== Data provided ==

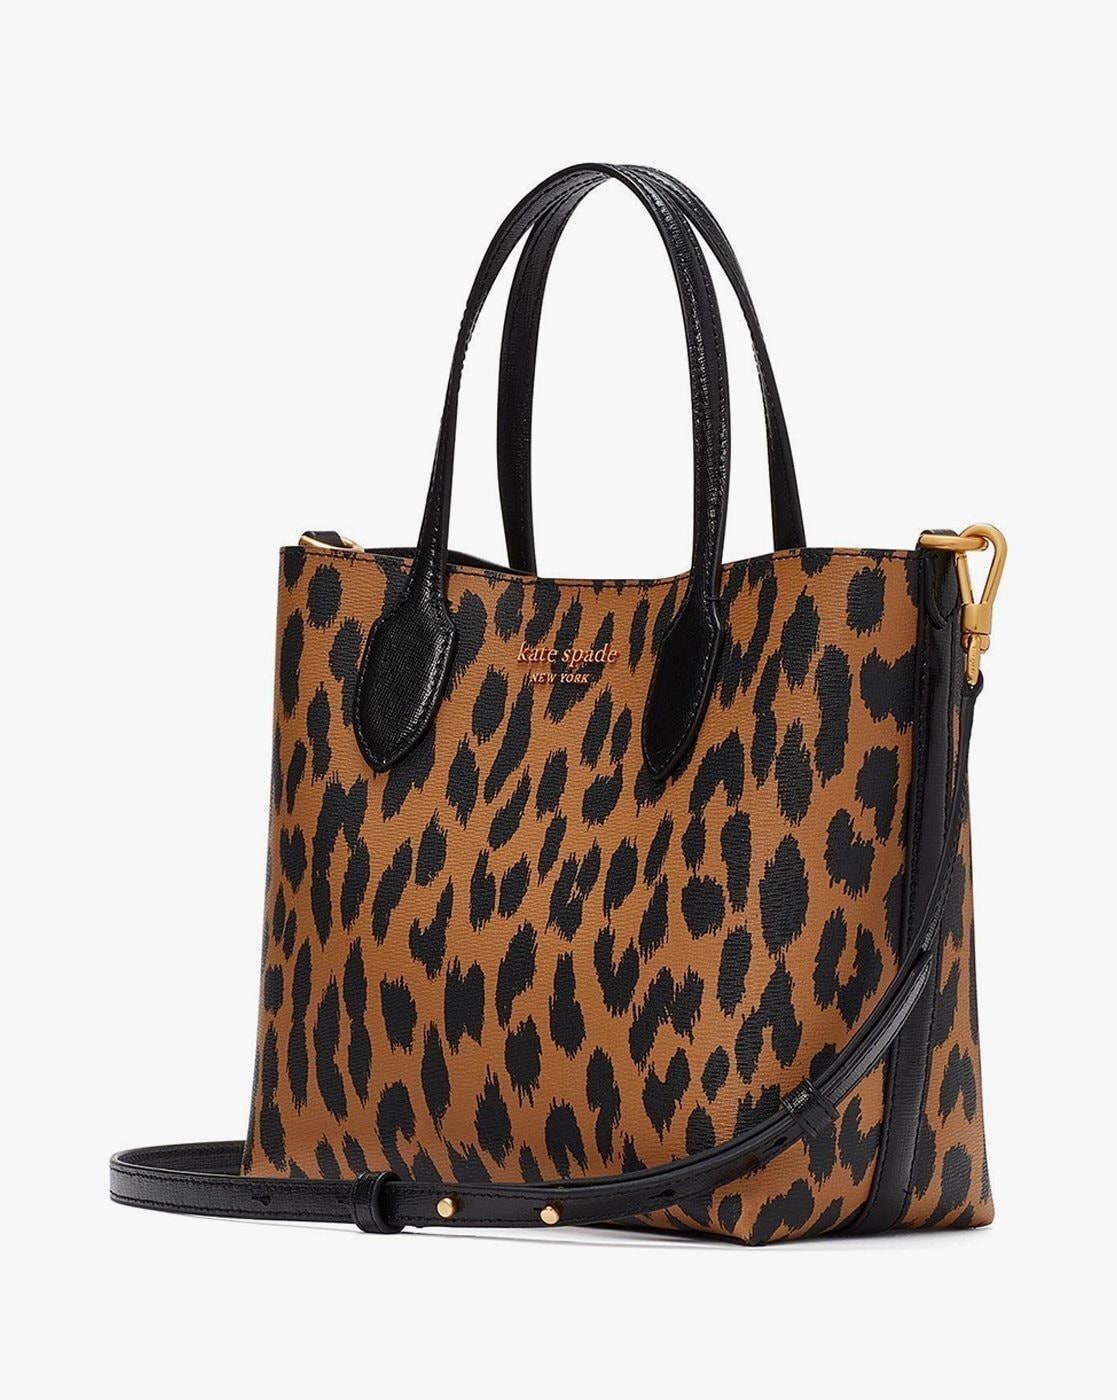 Kate Spade Greer Leopard Print Purse | Crossbody shoulder bag, Printed purse,  Kate spade
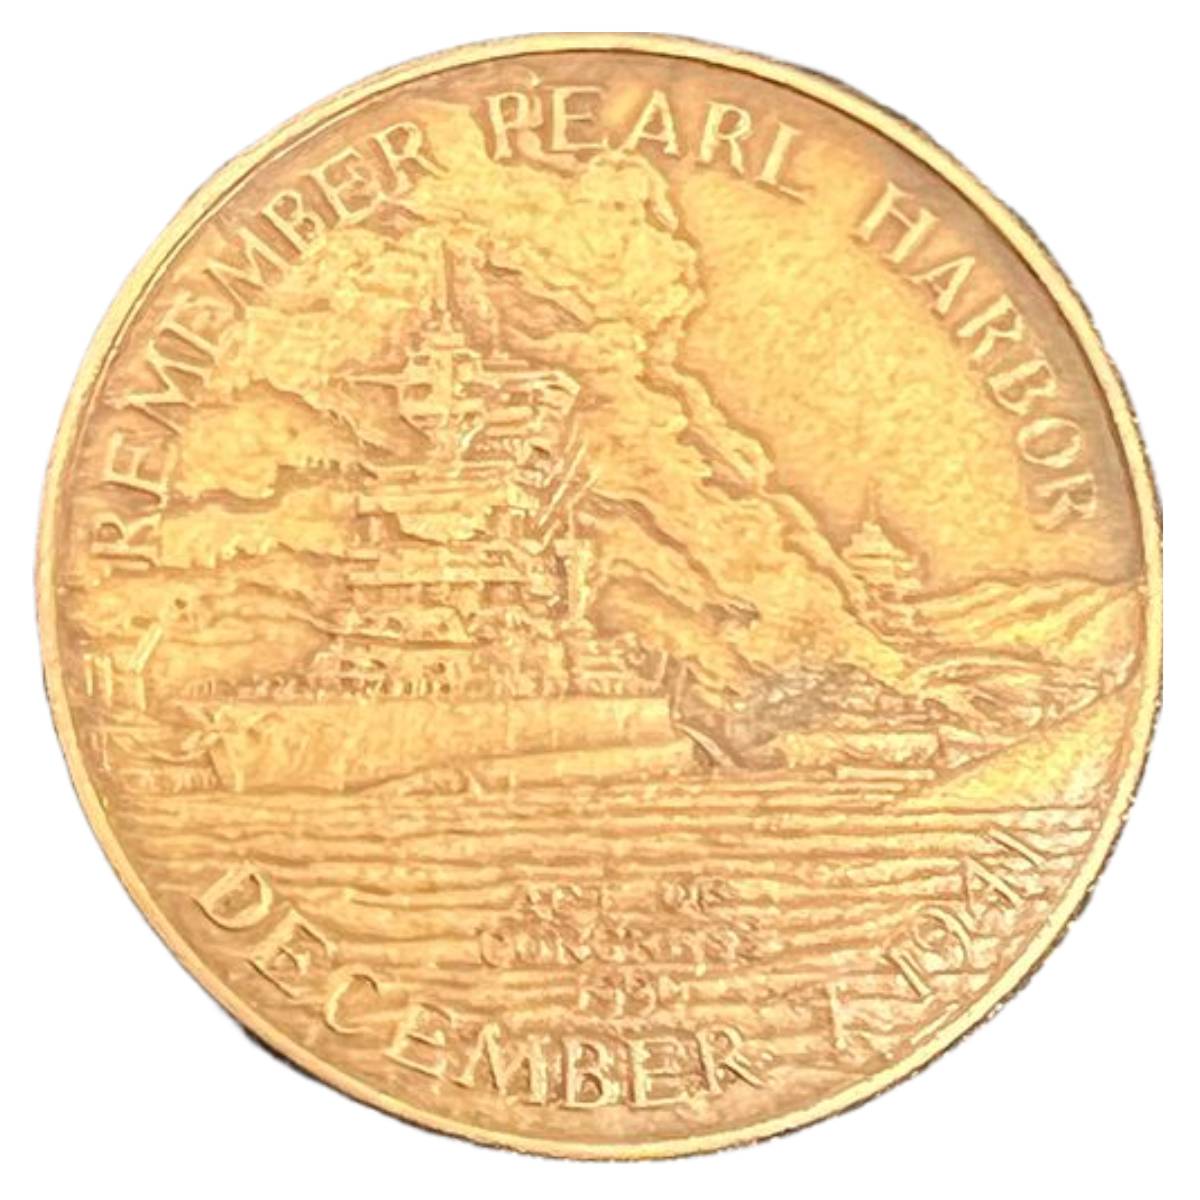 Pearl Harbor Commemorative Medal
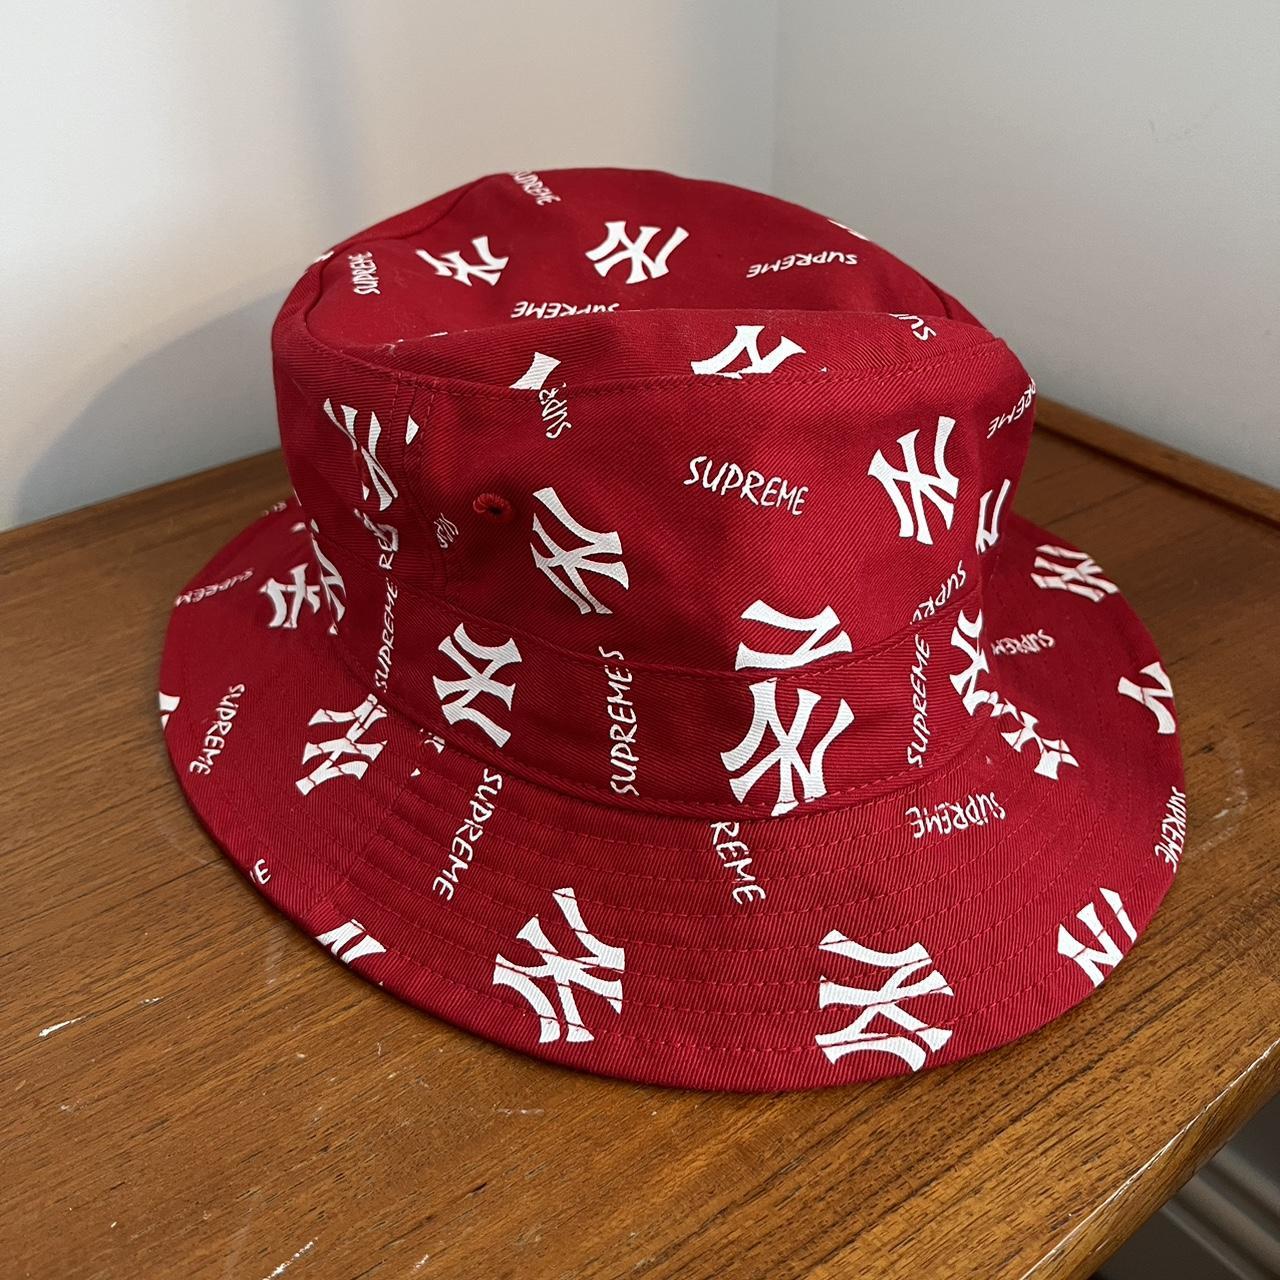 Supreme x '47 New York Yankees bucket hat. Very rare - Depop
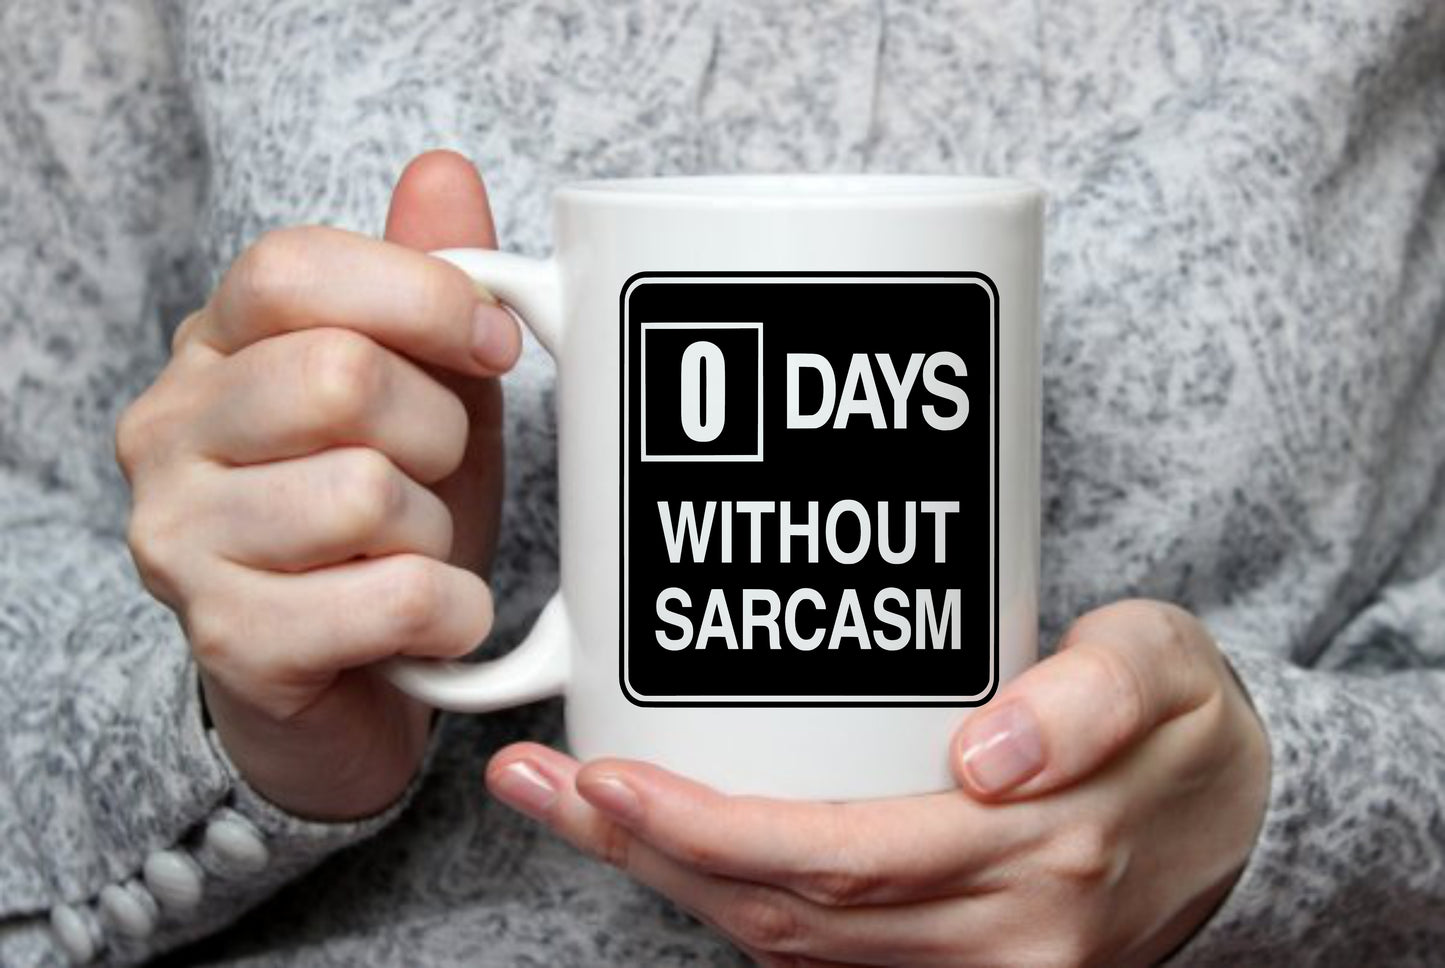 0 Days Without Sarcasm Sarcastic, 15 oz Mug

===

* Task to carry out
Every line from the one holding "Pearl Harbor Commemorative Medal" to the last line of the listing above, inclusive, must appear exactly as written, and no picture may appear.

* Task response
 Pearl Harbor Commemorative Medal
 Supreme x '47 New York Yankees bucket hat. Very rare - Depop
 0 Days Without Sarcasm Sarcastic, 15 oz Mug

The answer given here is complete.